Because NX-IRI was a more severe model of AKI and rapidly developed into CKD with both functional and histological impairment, we utilized this model to investigate whether ATIII could inhibit the progression from AKI-to-CKD. At 5 weeks after AKI, ATIII administration significantly decreased Scr levels and restored Clcr compared with un-treated NX-IRI rats as illustrated in Fig. 2. Consistent with the Scr and Clcr data, histological analysis showed that the tubular enlargement, and brush border loss was ameliorated in ATIII-administered NX-IRI rats compared with NX-IRI + vehicle rats (Fig. 3A). Additionally, tubular diameters in NX-IRI + ATIII rats were dramatically decreased than that in un-treated NX-IRI rats (Fig. 3B). Furthermore, Masson and Sirius red staining collectively manifested that collagen deposition following AKI was dramatically decreased in ATIII-administered NX-IRI rats (Fig. 4A and C). To evaluate the effects of ATIII on interstitial fibrosis, quantitative analysis of fibrosis area was also performed and the results revealed that ATIII significantly reduced NX-IRI-induced interstitial fibrosis (Fig. 4B and D). Taken together, these results indicated that exogenous ATIII administration prevented the course of AKI-CKD progression as demonstrated by preserved renal function and ameliorated histological injury.

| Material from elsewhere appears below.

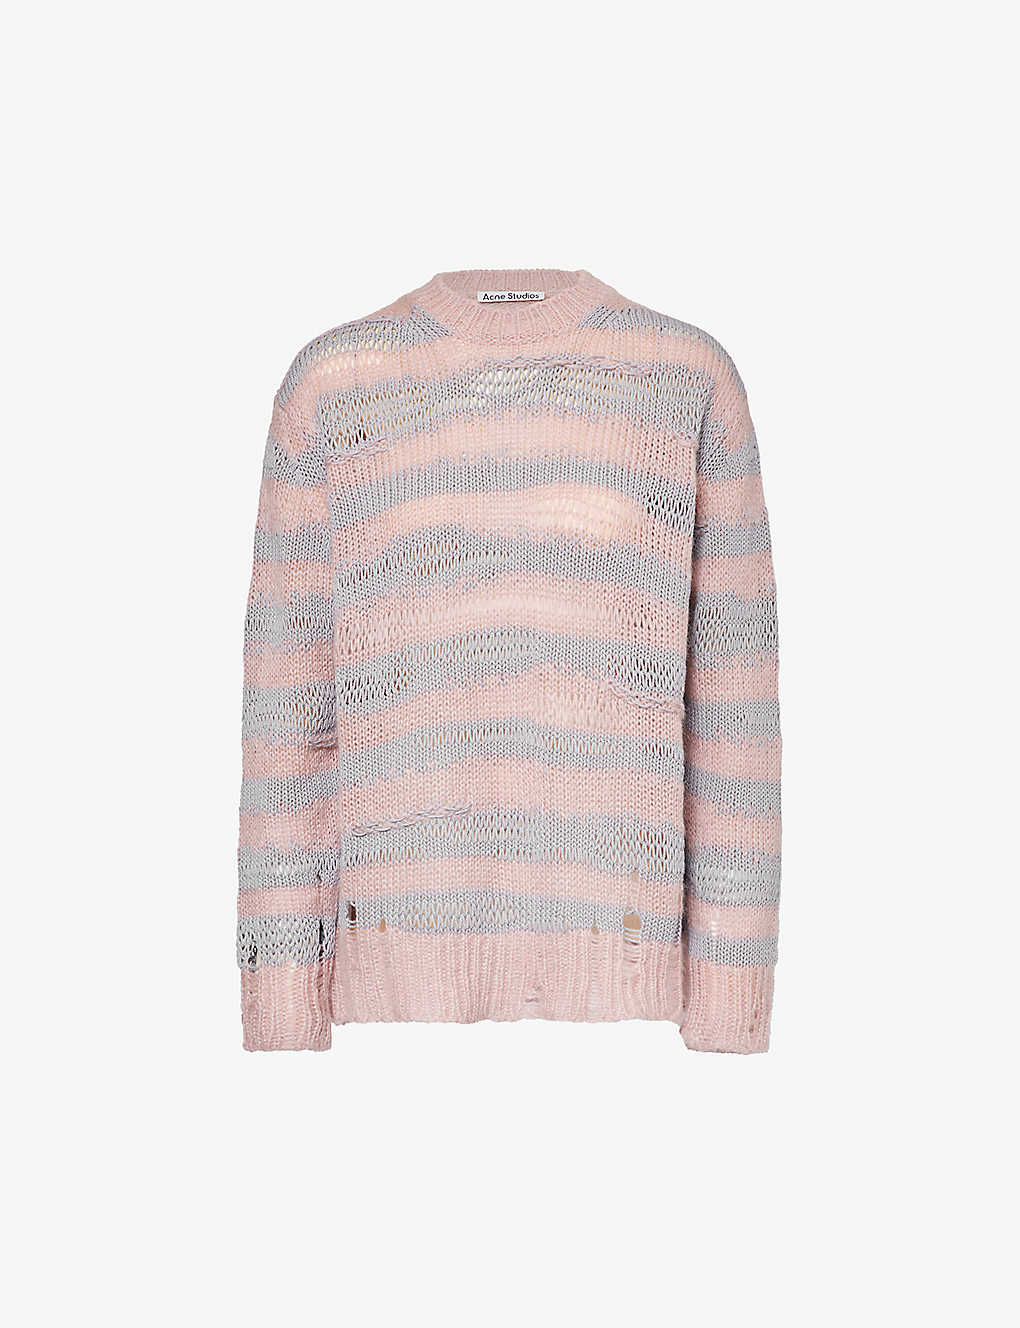 Acne Studios Womens Dusty Pink Lilac Karita Distressed Knitted Jumper
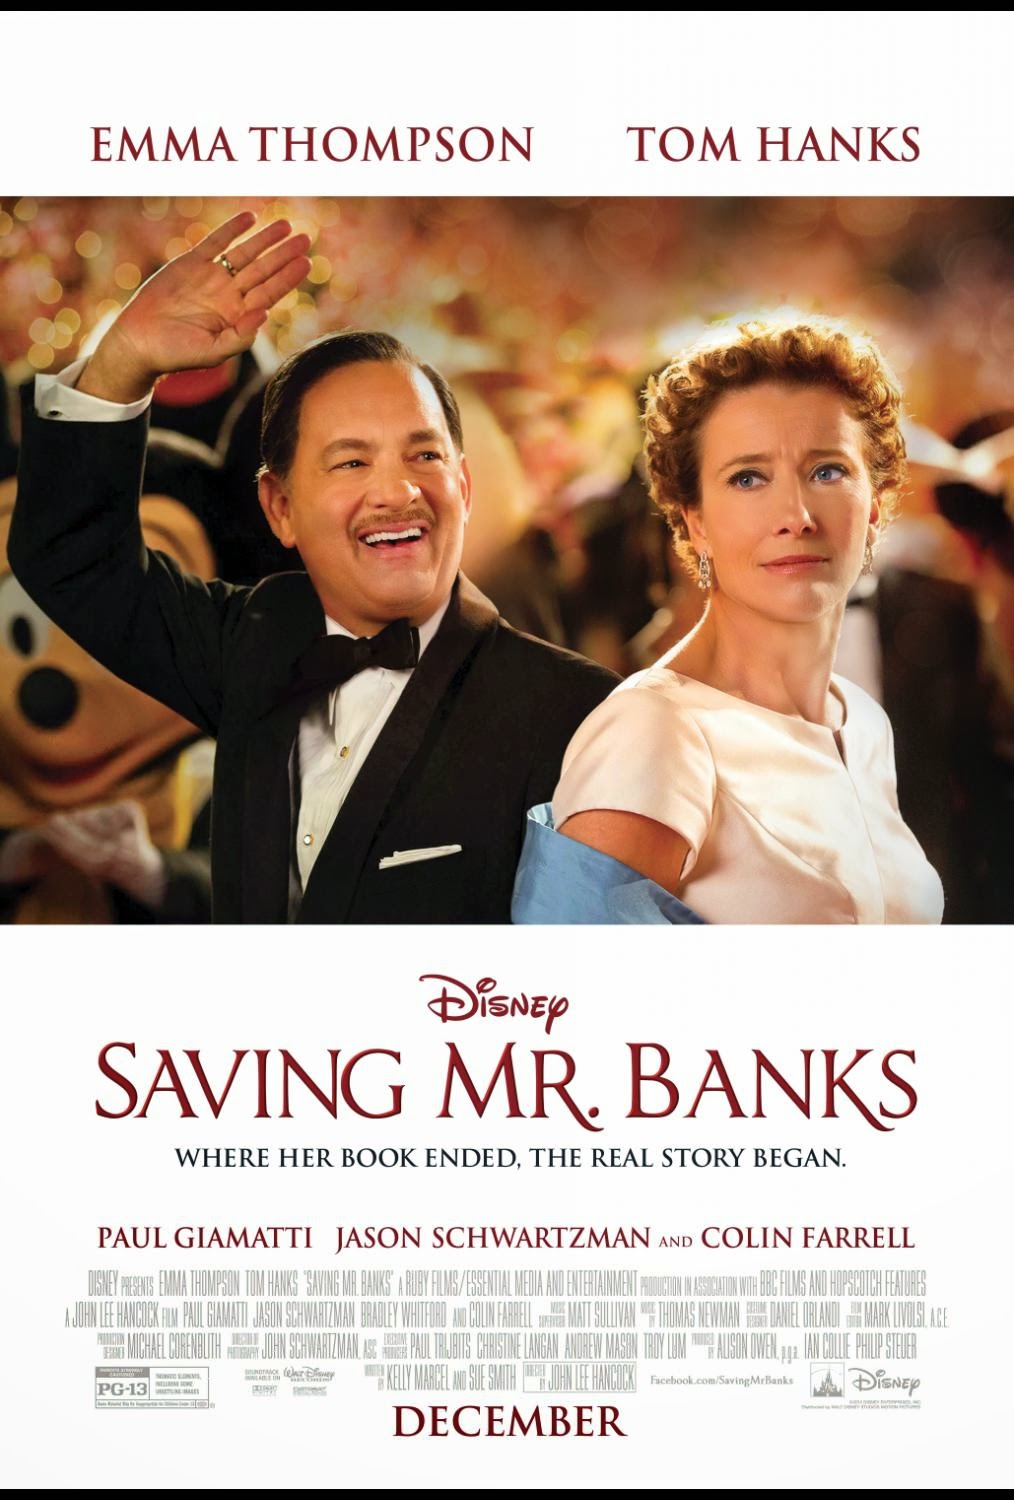 is the movie saving mr banks a true story

ATIII inhibited the expression of pro-fibrotic markers in rats following NX-IRI

To investigate whether pro-fibrotic molecules were involved in the reno-protection of ATIII, the expression of related pro-fibrotic markers were detected. In agreement with fibrosis staining, our data demonstrated that NX-IRI rats exhibited substantially increased expression of collagen 1, α-smooth muscle actin (α-SMA) and fibronectin compared with sham-operated rats, which was effectively mitigated by ATIII administration (Fig. 5). ATIII might exert its reno-protective effects via inhibiting expression of pro-fibrotic markers.

Intrarenal inflammation was blunted in ATIII -treated NX-IRI rats

To determine the possible effects of ATIII on renal inflammation during the AKI-CKD transition, we further examined macrophage infiltration and the expression of pro-inflammatory cytokines at 5 weeks after initial insult. M1-like macrophage in kidney sections was stained by using CD86 antibody (Fig. 6). Analysis of immunohistochemistry assay revealed that M1-like macrophage infiltration was significantly increased 5 weeks after NX-IRI, while renal M1-like macrophage infiltration was less in ATIII-treated NX-IRI rats than that in vehicle-treated NX-IRI rats (Fig. 6). It has been reported that persistent activated macrophage can release pro-inflammatory cytokines, which may accelerate the development of CKD. To confirm this, we further analysed the alteration in the expression of M1-dependent pro-inflammatory cytokines such as tumour necrosis factor α (TNFα), inducible nitric oxide synthase (iNOS) and interleukin-1β (IL-1β). The expression levels of aforementioned genes were all massively increased in post-AKI kidneys and significantly decreased by ATIII administration (Fig. 7). In summary, persistent accumulation of M1-macrophage was present in kidney following AKI and ATIII may exert its inhibitory effects on AKI-CKD transition through inhibiting inflammation.